A federal judge who found it unconstitutional that Congress tried to cut funding to the activist group ACORN has rejected a government request to change her mind and has ordered government agencies to make it clear the funding isn't blocked.
In a written ruling Wednesday, U.S. District Judge Nina Gershon made permanent her conclusion last year that the cutoff of funding was unconstitutional. She ordered all federal agencies to put the word out about it.
The Brooklyn judge said ACORN was punished by Congress without the enactment of administrative processes to decide if money had been handled inappropriately. She said the harm to ACORN's reputation continues because the government never rescinded its advice to withhold funding after it was distributed to "hundreds, if not thousands, of recipients."

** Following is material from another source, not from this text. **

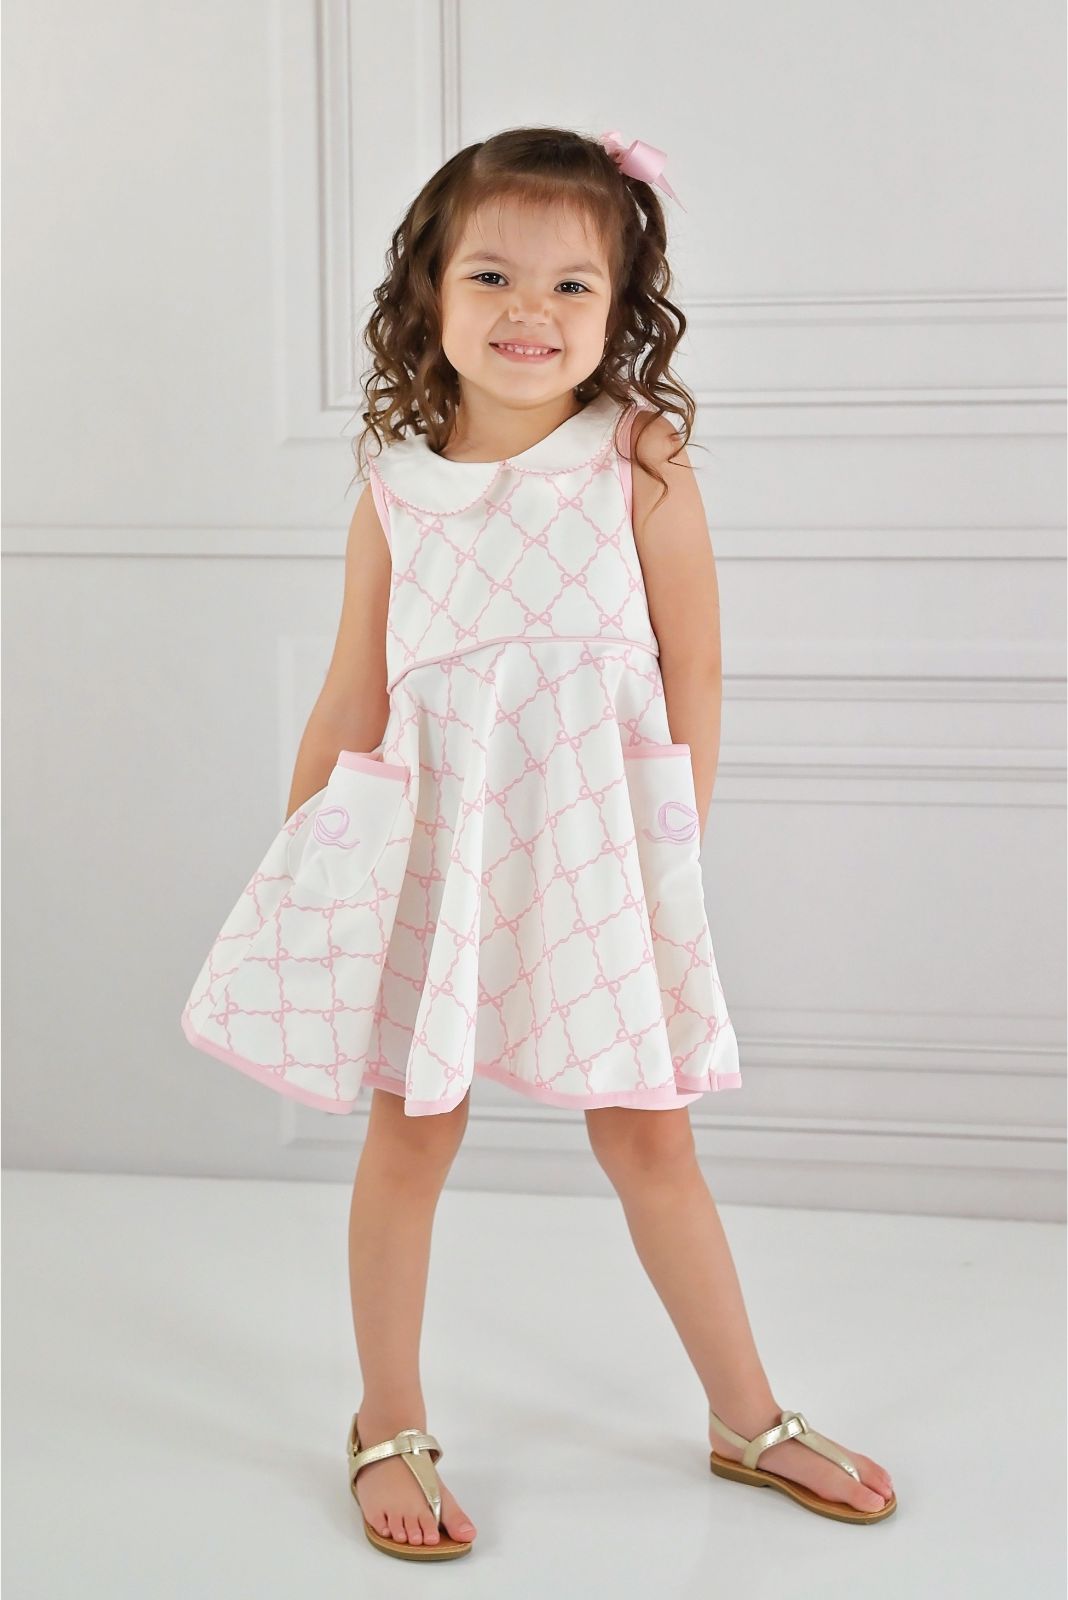 Swoon Baby Bows N' Berries Proper Picot Pocket Dress Style 23-60

Last year, a series of videos filmed at ACORN offices around the country sparked a national scandal and helped drive the organization to near ruin. In one video, ACORN employees were shown apparently advising a couple posing as a prostitute and her boyfriend to lie about her profession and launder her earnings; Brooklyn prosecutors said they did not commit a crime.
In asking the judge to reconsider her December ruling, the government cited a Dec. 7 report written by Scott Harshbarger, former attorney general for Massachusetts. It said the report "reinforces Congress' purpose in preventing fraud, waste and abuse" by describing ACORN's long-standing management problems.
The report concluded that ACORN leadership at every level was thin, the government noted.
The judge, however, wrote that it was "unmistakable that Congress determined ACORN's guilt before defunding it." She said Congress is entitled to investigate ACORN but cannot "rely on the negative results of a congressional or executive report as a rationale to impose a broad, punitive funding ban on a specific, named organization."